If my hand’s out of this cast soon, I’ll be making some orange shortcrust pastry mince pies with mascapone when I go back to London for the holidays. I might also make a light (and moist) fruitcake and some white chocolate brownies.

Aging pudding?

Don’t ask me. I’ve never made pudding before, I don’t eat pudding (xmas pudding, not american pudding).

But the recipes all suggest to make it at least 4-6 weeks before you intend to eat it. I dunno why. I just do what they tell me.

So the fruit and rum and cake have time to get thoroughly acquainted.
I promised my Dad chocolate cinnamon buns- cinnamon buns filled with ganache as well as brown sugar/butter/cinnamon- and I’m giving a whole bunch of people boxes of homemade candy: brittle, caramels, chocolate pepermint bark, oreo truffles, and anything else I feel like making. And I’m going to make ham and black pepper bread for a friend.

Mmmm . . . .

Hubby makes it once in a while. He had written an article on Turkish food, and he always tests recipes. He found some rose water at the local Indian market, and he ordered some orange blossom water from one of his suppliers. He’s also played with making it with apple and cranberry juice instead of water. Don’t forget the nuts! Pistachios are the best (although, walnuts with the apple ones are good!).

You can buy something called “Applets” which are really Turkish Delight - they’re made someplace in Washington. I don’t recall the company that makes it.
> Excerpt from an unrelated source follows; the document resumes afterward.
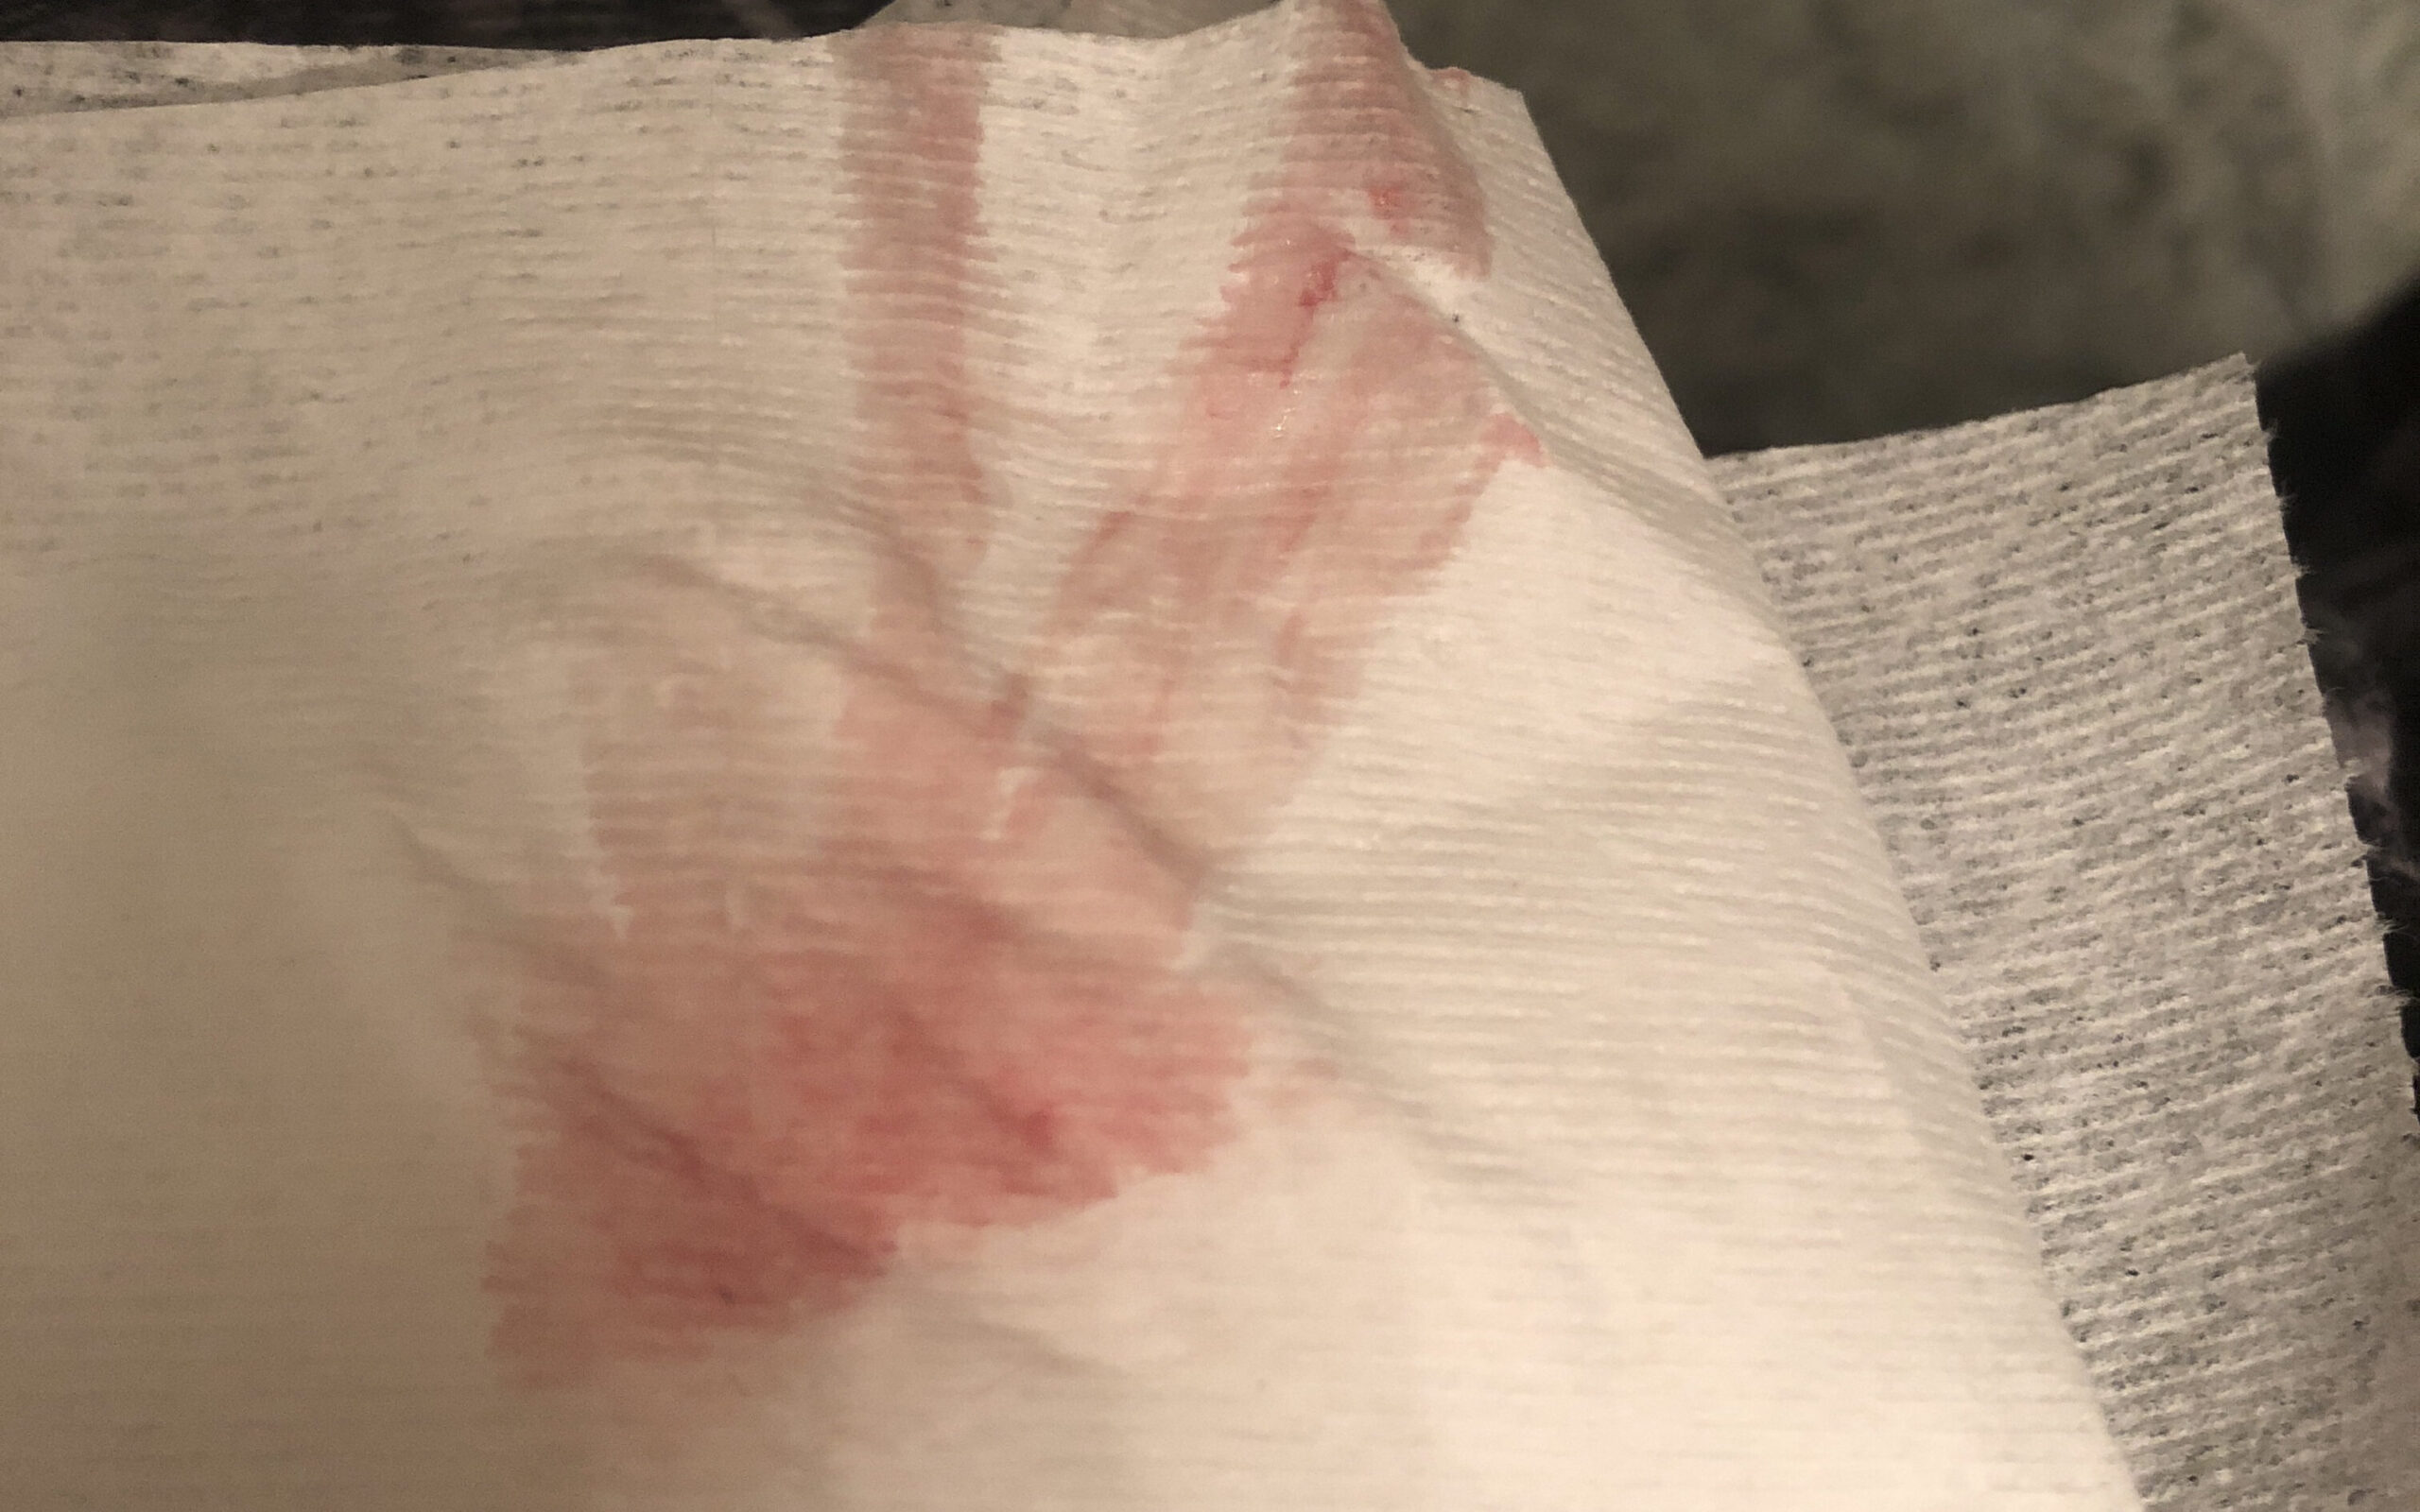 What does UTI bleeding look like

They also make them with apricots, and call them “Cottlets”.

Olive

I was going to make them last night until I realized I had forgotten pistachios. :smack: So it looks like I’ll make them tomorrow. ETA: Any chance you could refer me to your husband’s article? If so that’d be cool, but I realize many people want to protect their privacy as much as possible on the 'net, so no worries. :slight_smile:

I am really intrigued about apple and apricot flavored lokoum, though. Methinks I shall have to google…
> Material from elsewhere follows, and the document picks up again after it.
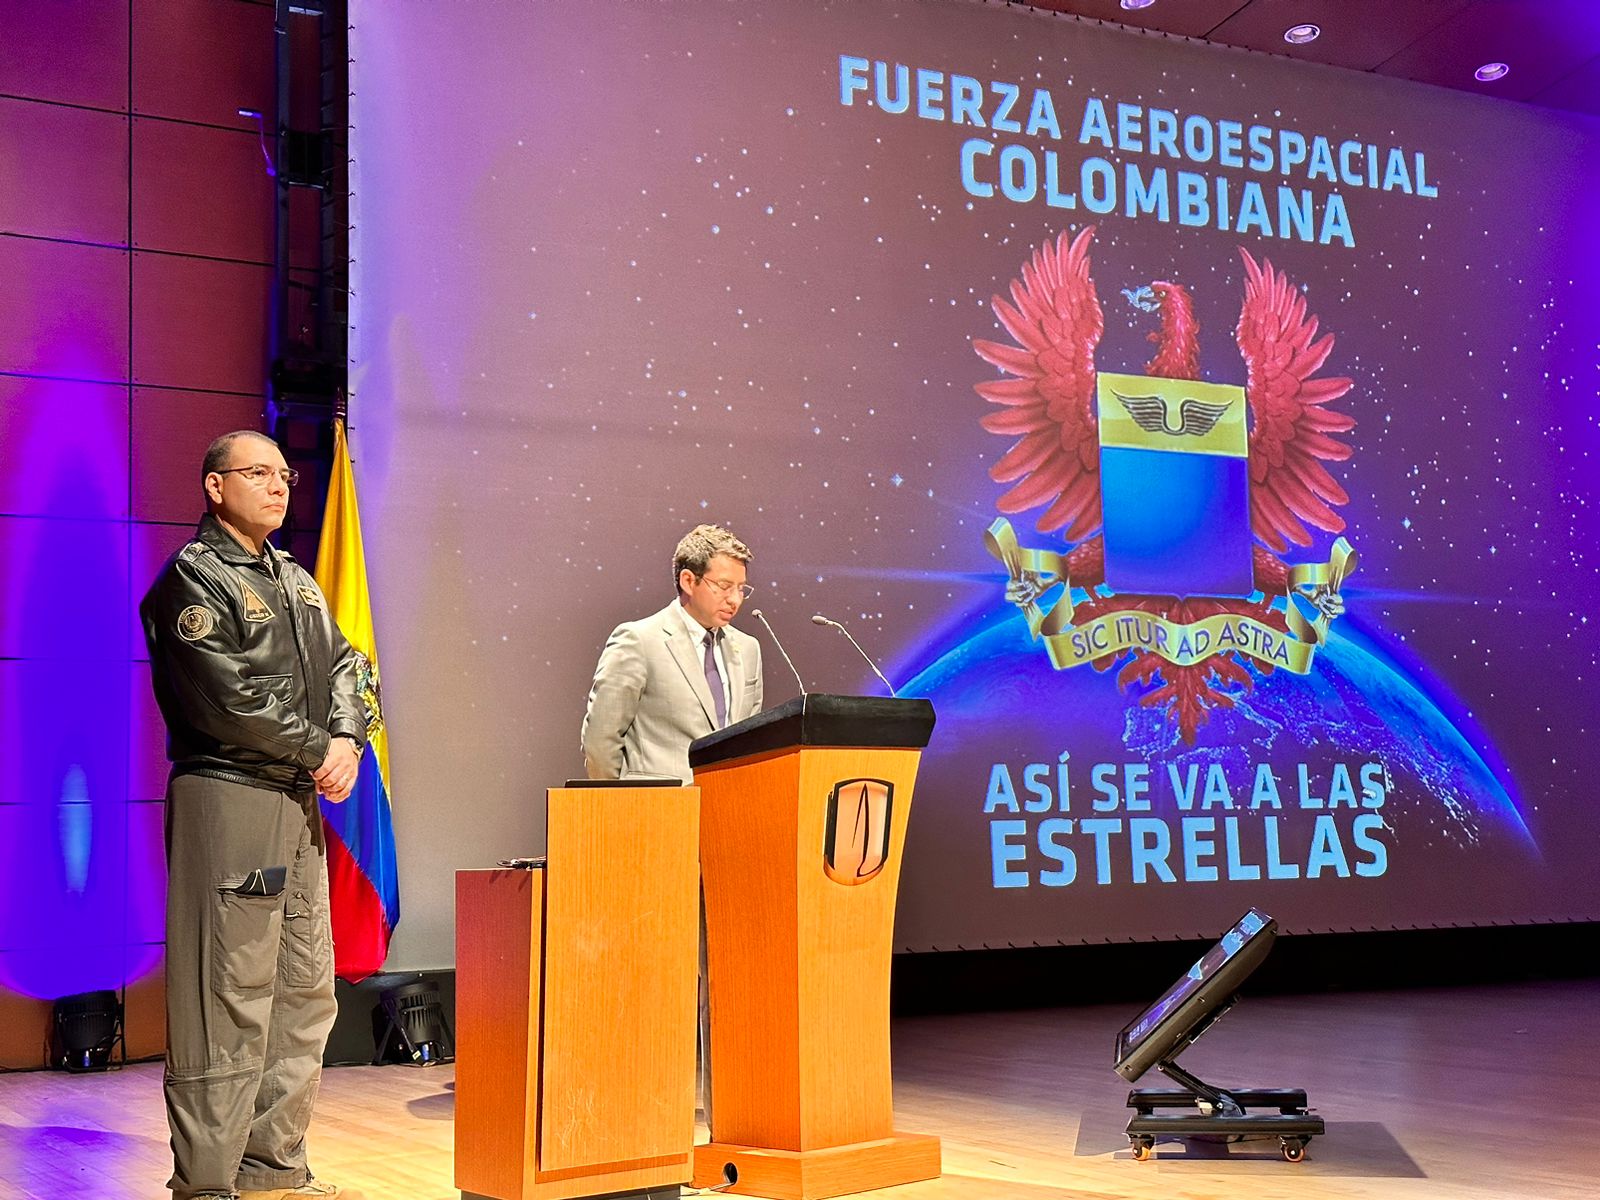 En la Universidad de los Andes, se llevó a cabo un encuentro con su Fuerza Aeroespacial

And I’ve decided to make brittle, fattigmands bakkelser, and other assortments. My MiL is asking about my almond toffee. I think I’ll have to have a candy/cookie session sometime between finals and my flight outta here.

It’s actually Aplets and Cotlets, and they’re made in Cashmere, WA by Liberty Orchards, based on Armenian Rahat Locoum- which is like Turkish Delight, but Armenian. Liberty Orchards also makes several other similar candies, my favorite being the Fruit Parfaits.

I had planned on making Divinity today. Except it’s raining. Apparently, the only time it rains in Vegas is the one day I don’t want it to. I made biscochitos and snowballs today instead.

Is anyone eating anything besides dessert? :stuck_out_tongue:

My Xmas menu (actually Xmas eve; we go to my stepdaughter’s on Xmas) will be a rib roast. For the last 5 years, I’ve made it according to Alton Brown’s recipe–start low and slow, finish high. Also on the menu: Yorkshire pudding, fresh sauteed spinach with garlic, possibly mashed sweet potatoes.

When I cook Christmas dinner, I do roast prime rib, Yorkshire pudding, boiled red potatoes, and asparagus. (FWIW, Thanksgiving I make turkey, New Year’s Day I make ham hocks and black eyed peas and cornbread, St. Patrick’s Day is corned beef and cabbage.) Not expecting any guests, so I’m going to get very sick of prime rib.

Sailor Duff Pudding

Serves “6”

1 egg
2 tablespoons sugar beaten together

Add 1/2 cup molasses
2 tablespoons melted butter
1 teaspoon baking soda dissolved in a little warm water

1 1/2 cup flour mix thoroughly

add 1 cup boiling water

steam for 40 minutes, serve warm (cook in double boiler)

Sauce:
yolks of 2 eggs lightly beaten with
1 cup powdered sugar
1 teaspoon vanilla
1/2 cup whipping cream whipped

Fold together and pour over steamed pudding

“Fantasy Fudge.” Recipe available on the Kraft marshamllow goop jar.

I don’t know why, but this time of year I want to bake. I hate cooking and I’m a terrible cook; chipped a tooth when I attempted shortbread. But something about the cold weather and/or holidays makes something kick in.